━━ Data excerpt
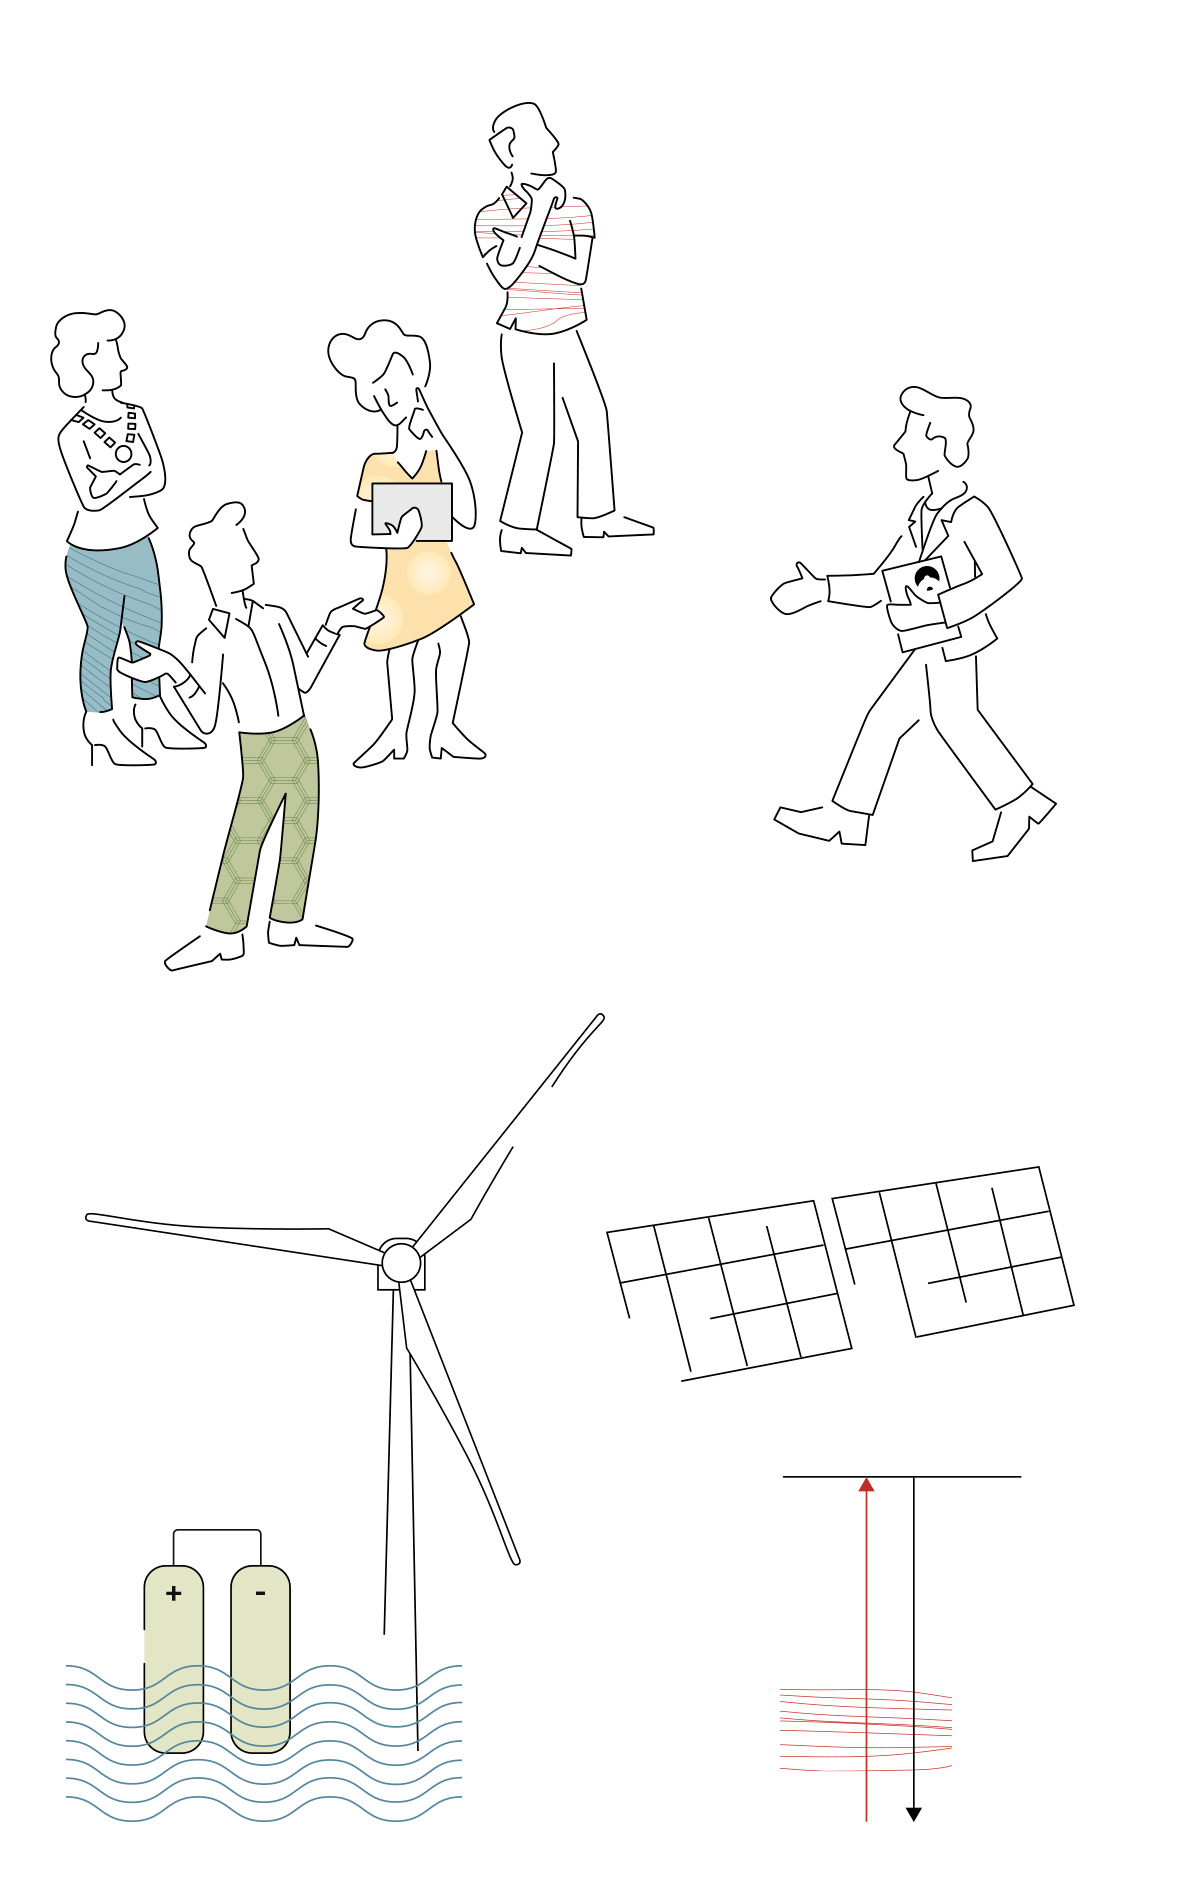 illustratie systeemintegratie duurzame energie Pondera Consult
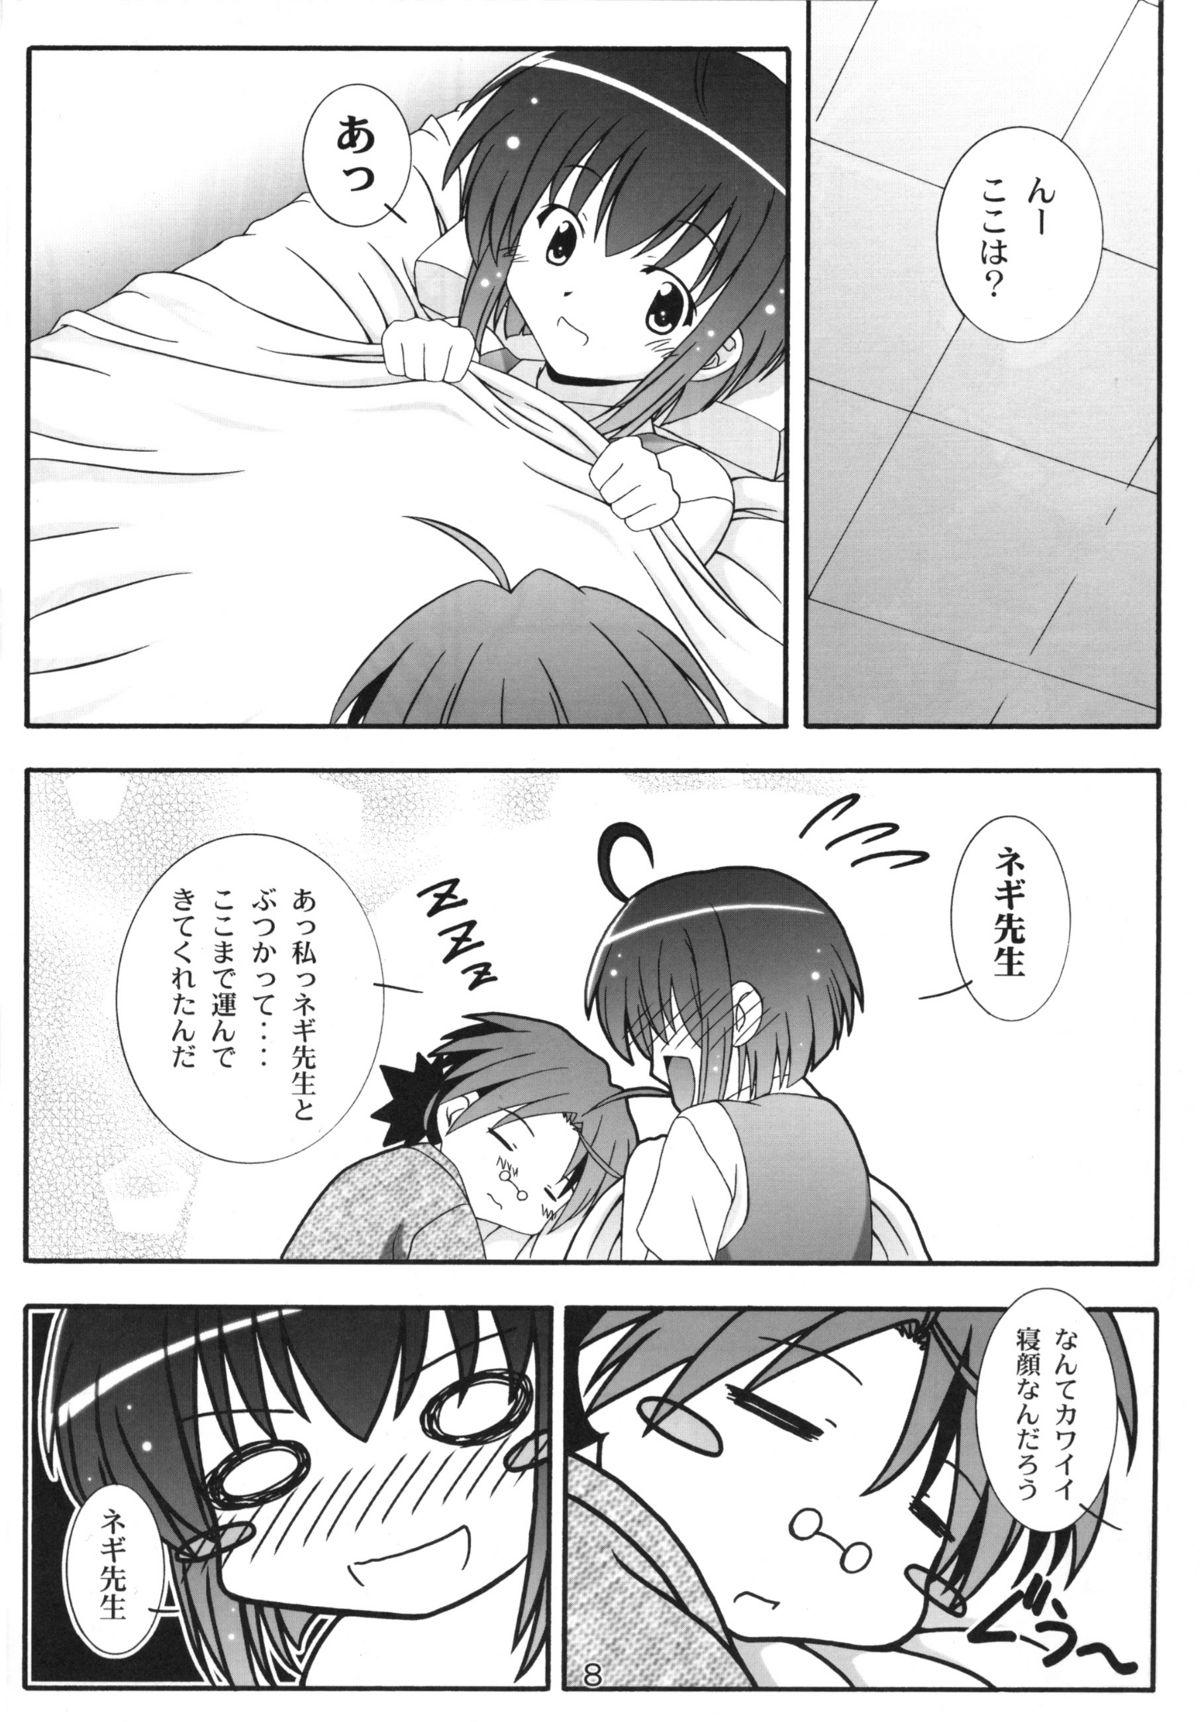 Assfucked Nodoca no Dream | Nodoca's Dream - Mahou sensei negima Alone - Page 7
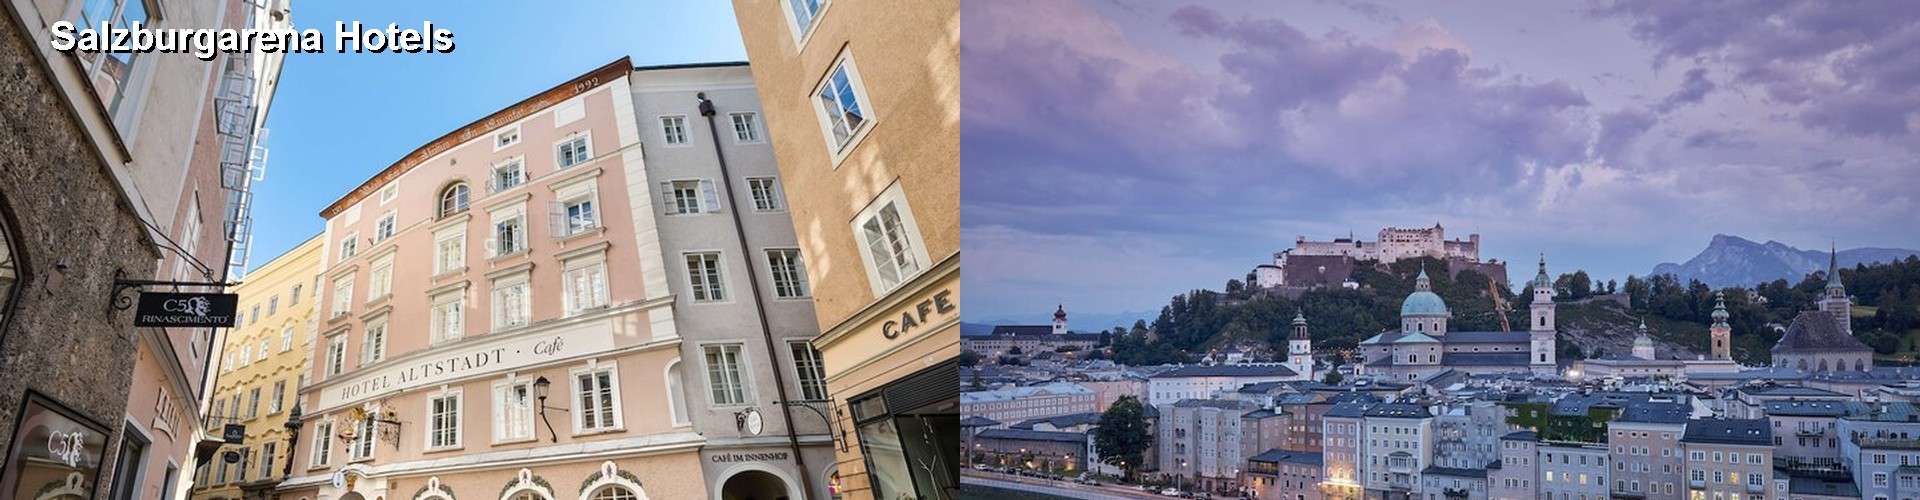 5 Best Hotels near Salzburgarena
━━━━
§ **To do**:
Output each line exactly as shown above; no pictures go in the copy.

§ **Solution to the problem**:
 illustratie systeemintegratie duurzame energie Pondera Consult
 Assfucked Nodoca no Dream | Nodoca's Dream - Mahou sensei negima Alone - Page 7
 5 Best Hotels near Salzburgarena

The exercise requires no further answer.